Am nächsten Morgen beim Frühstück im Hotel muss Marly in der für ihn noch neuen Sprache ein paar Ansichtskarten schreiben. Er versteht nicht alles, aber wir Schreiberlinge lernen ja gerne. Wegen der fremden Sprache hat Marly kurz einen Schreck bekommen und seine Miene wollte erst mal nicht mitmachen, aber das war ganz schnell wieder vergessen. Dann hat er die schönen Winterpostkarten mit lieben Grüßen an die Familie vollgeschrieben. Ich glaube, es gefällt der neuen Besitzerin von Marly hier richtig gut, was sie ihrer Familie erzählt, klingt jedenfalls nach purer Begeisterung. Ich kann das echt verstehen. Und dann macht Henny, so heißt die neue Chefin, mit ihren Freundinnen noch Pläne für den Tag – und wieder ist Marly dabei, darf alle Vorschläge aufschreiben: Breitachklamm im Winter ist toll, heute Abend findet eine Fackelwanderung statt, das wäre doch was. Gleich nach dem Frühstück für 2 Stunden auf die Piste, am Nachmittag eine Pferdeschlittenfahrt und später noch zur Entspannung in die hoteleigene Sauna. Der Plan gefällt Marly, er freut sich, dabei zu sein. Als die Mädels aufbrechen, nehmen sie zwar ihre Notizen und die Karten für den Postkasten mit, doch mein Kumpel bleibt vergessen auf dem Tisch liegen. Weil auch er genauso wie ich keine Beine hat, kann er ihnen nicht hinterher laufen, rufen kann er auch nicht, also ergibt er sich schließlich in sein Schicksal.
Und so landet Marly dann auf dem Schreibtisch im Büro der Hotelchefin, die sich seiner angenommen hat. Bei Henny war es zwar auch nicht schlecht, sagt Marly – aber er hat eben auch nicht immer alles verstanden, was er aufschreiben musste. Da ist es ihm so entschieden lieber. Denn wir beide dürfen nun hierbleiben, in unserem Lieblingstal, in der schönsten Sackgasse der Welt.
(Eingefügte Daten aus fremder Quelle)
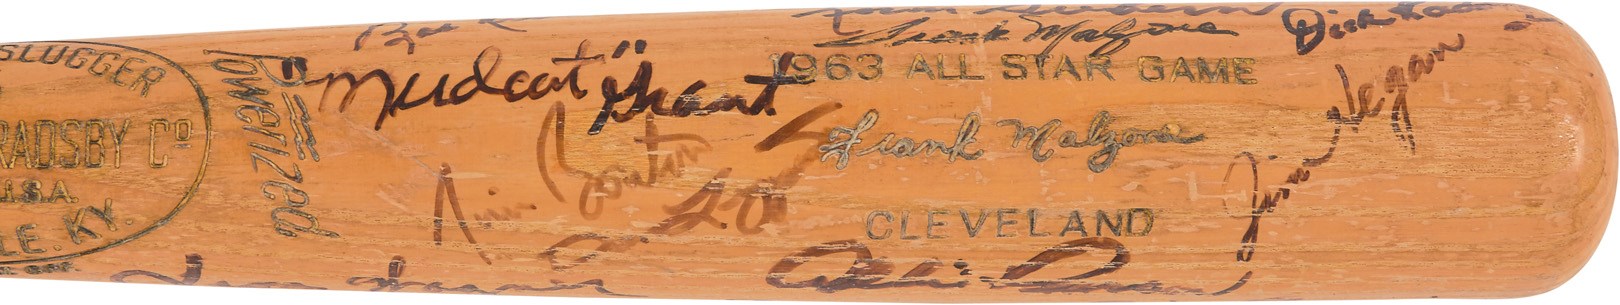 - 1963 Frank Malzone All-Star Game Team-Signed Bat (JSA)

Die Arbeit bei unserer eigentlichen Chefin machen jetzt unsere anderen Geschwister – und jeder von ihnen darf so wie wir irgendwann mal auf die Reise gehen, wenn auch sie neue Besitzer finden, die uns in die Welt hinaustragen. Aber das ist wieder eine andere Geschichte.
Wir sehen uns – irgendwann und irgendwo – ganz bestimmt aber auch im schönsten Tal dieser Welt, dem Kleinwalsertal.
(Die Grundidee dieses Textes stammt von meinem Lehrmeister der Blogschreiberei Rolf Köberle.